__Supplied records__:
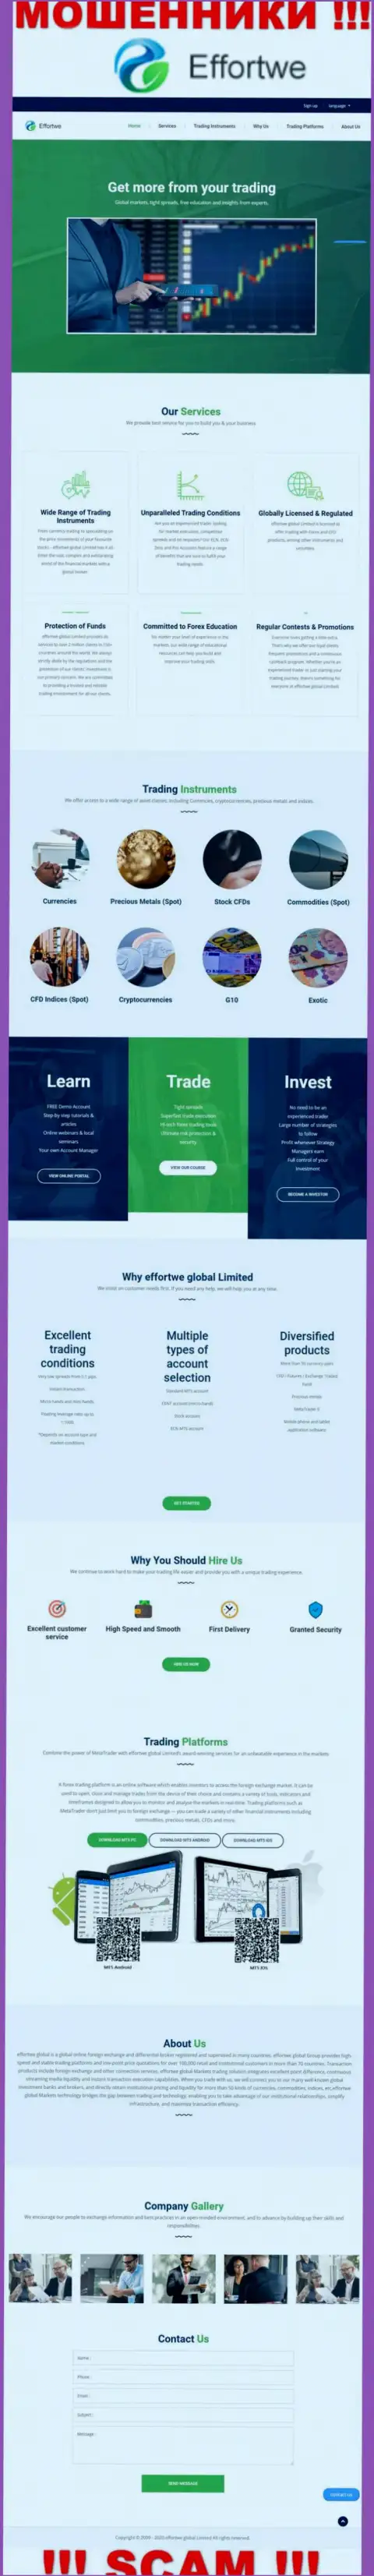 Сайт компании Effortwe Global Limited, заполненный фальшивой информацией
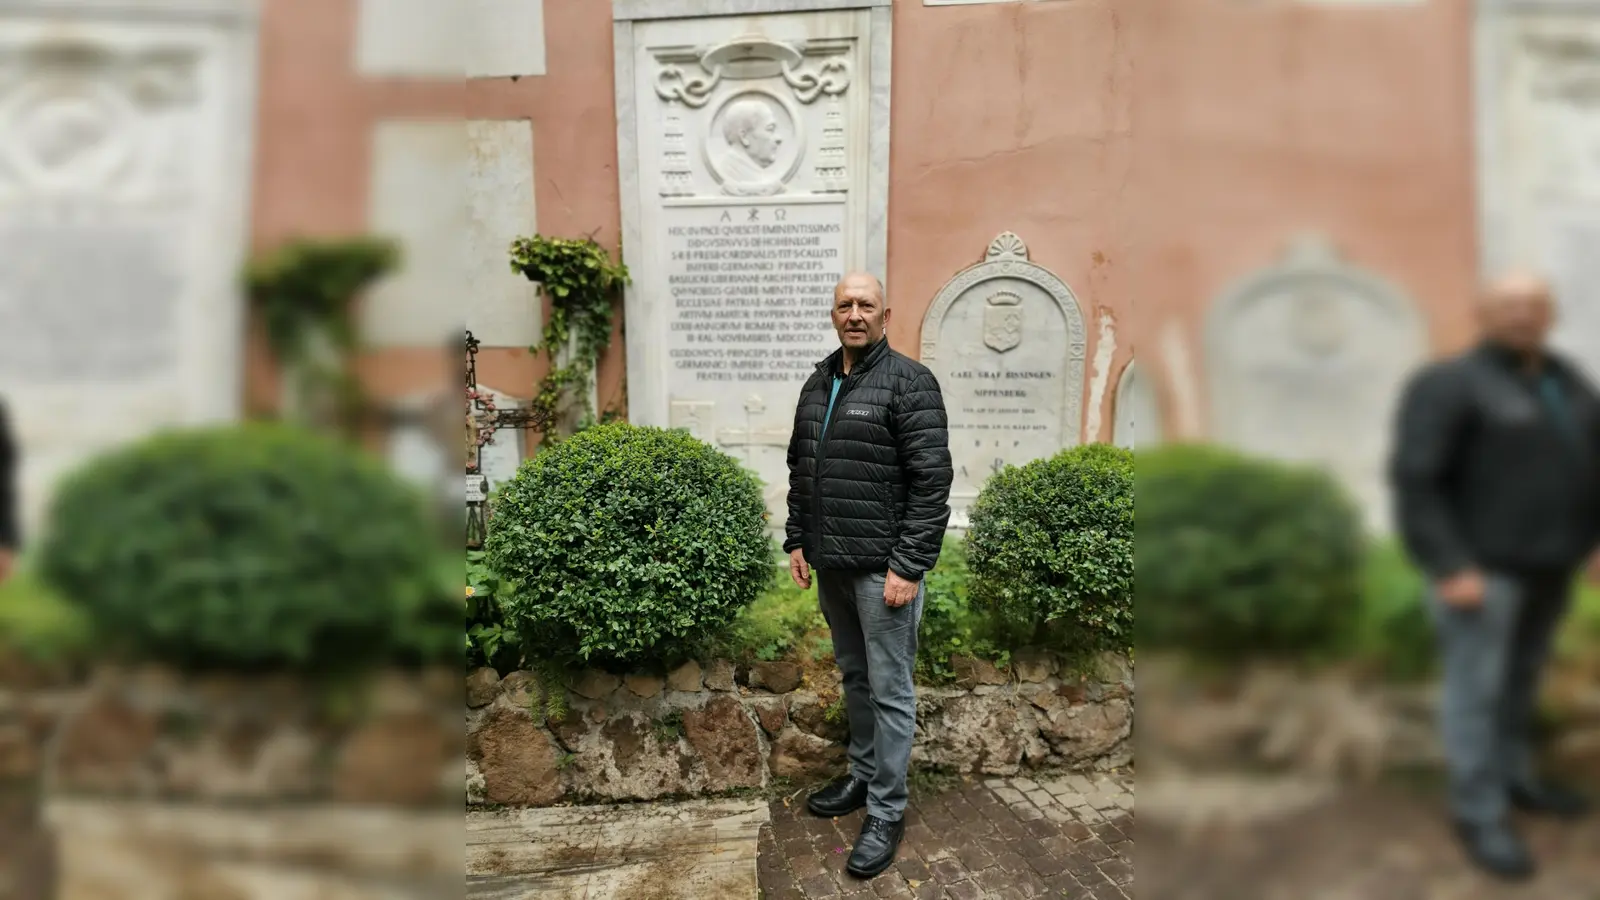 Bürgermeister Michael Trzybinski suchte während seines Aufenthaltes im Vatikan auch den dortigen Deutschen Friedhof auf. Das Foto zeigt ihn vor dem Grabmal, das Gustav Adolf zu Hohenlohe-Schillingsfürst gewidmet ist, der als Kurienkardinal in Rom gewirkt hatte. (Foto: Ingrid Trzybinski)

* * *

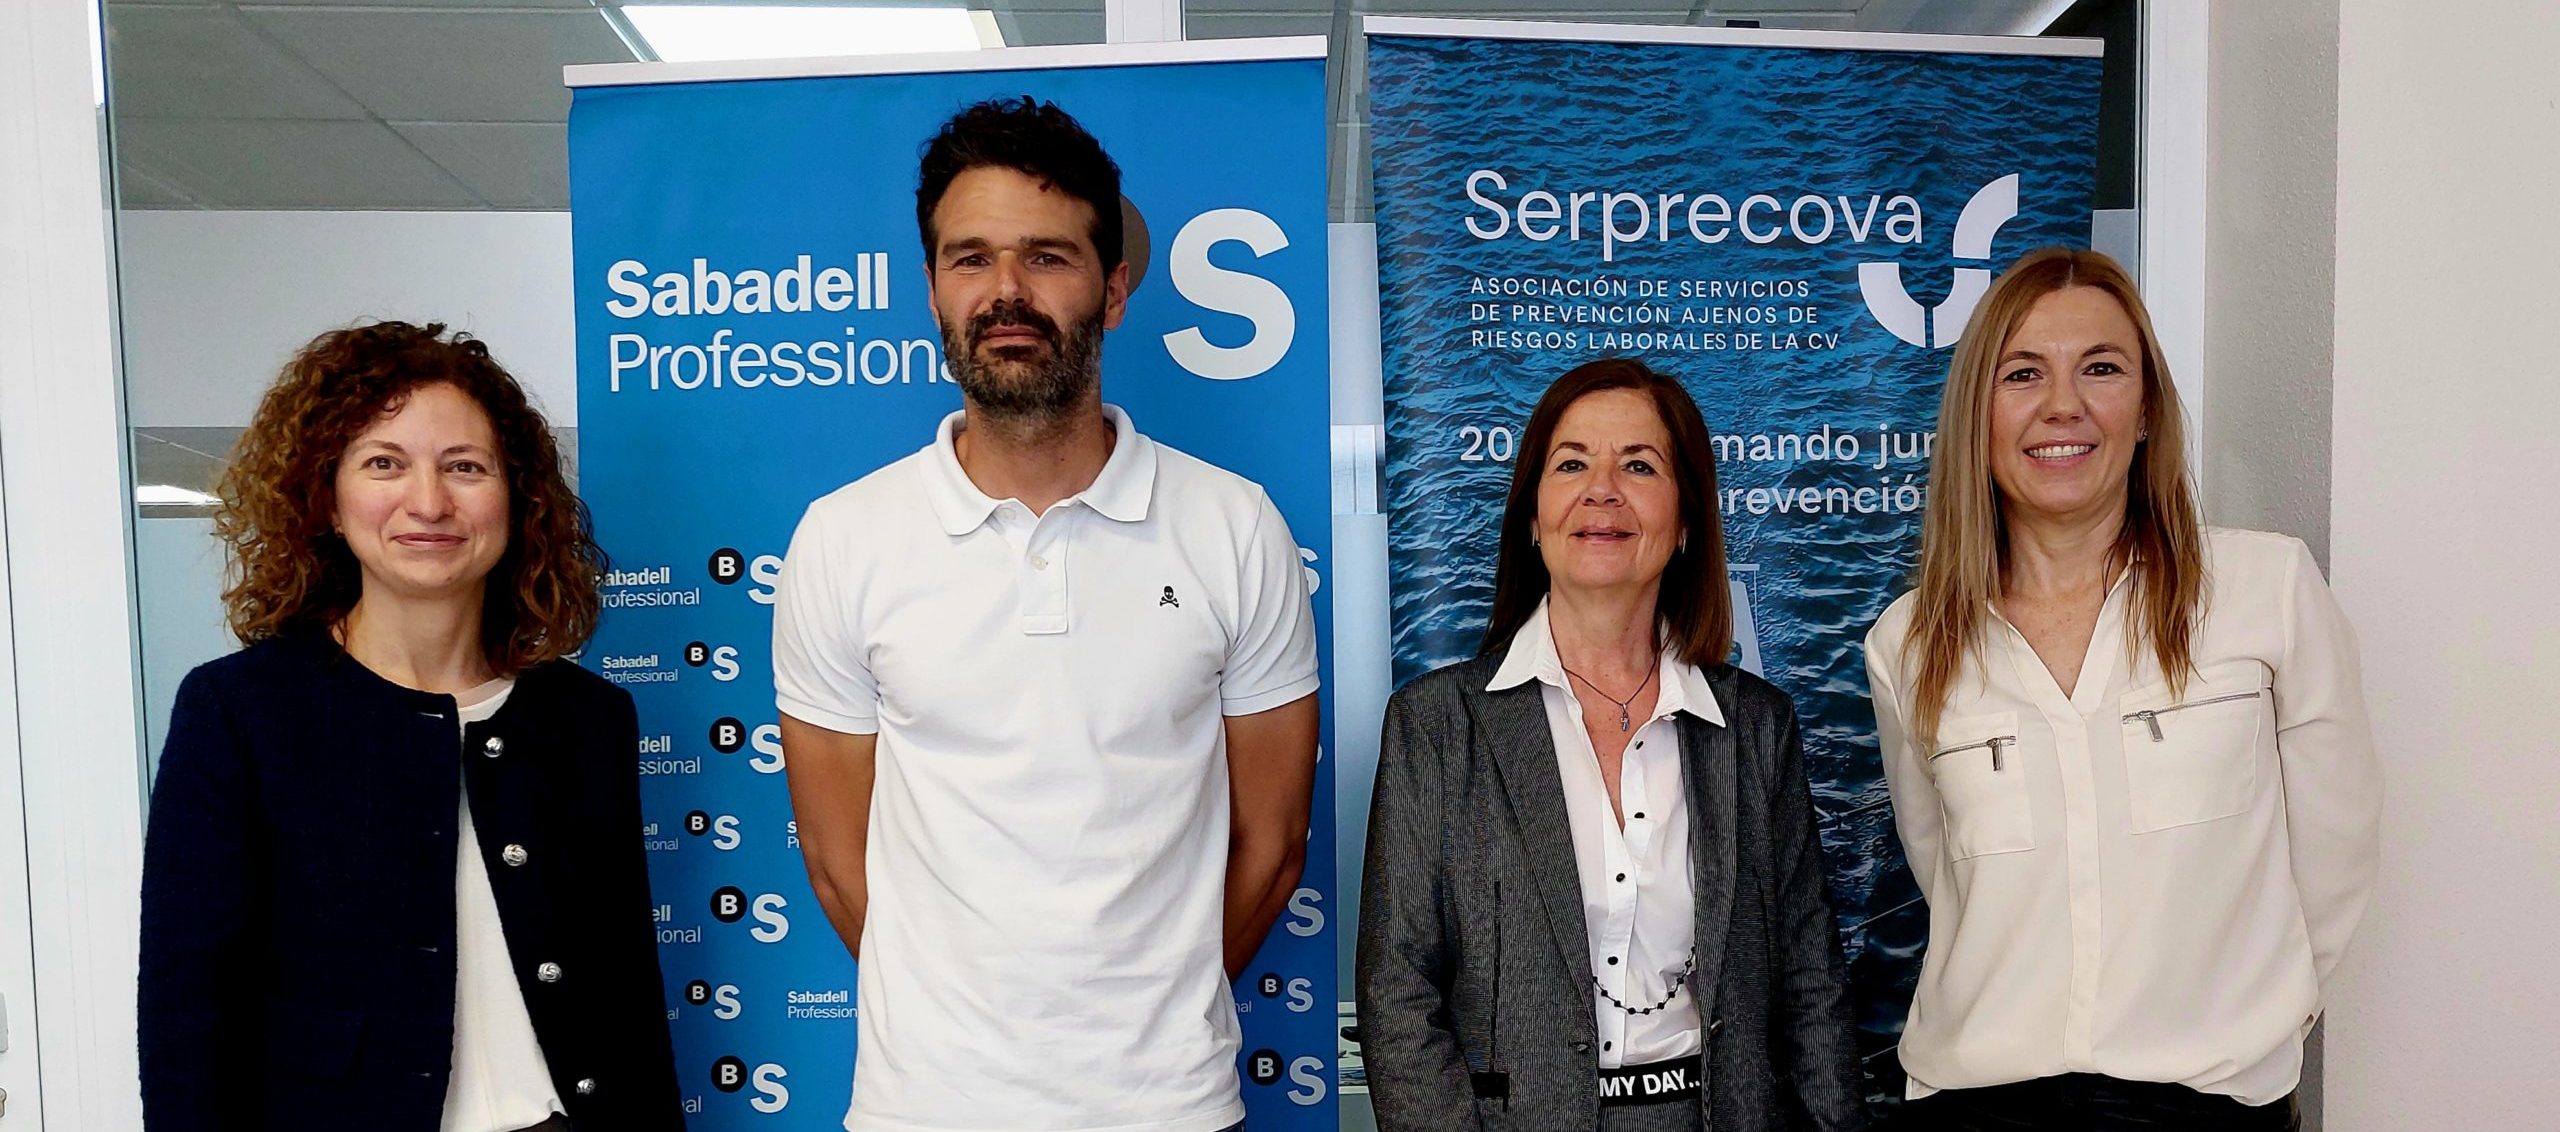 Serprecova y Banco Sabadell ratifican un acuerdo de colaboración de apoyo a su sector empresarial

__What you should do__: Please return the material above only from the line that holds "Сайт компании Effortwe" through the line that holds "Bürgermeister Michael Trzybinski", exactly as it stands, ends included and pictures omitted.

__Exercise answer__:
 Сайт компании Effortwe Global Limited, заполненный фальшивой информацией
 Bürgermeister Michael Trzybinski suchte während seines Aufenthaltes im Vatikan auch den dortigen Deutschen Friedhof auf. Das Foto zeigt ihn vor dem Grabmal, das Gustav Adolf zu Hohenlohe-Schillingsfürst gewidmet ist, der als Kurienkardinal in Rom gewirkt hatte. (Foto: Ingrid Trzybinski)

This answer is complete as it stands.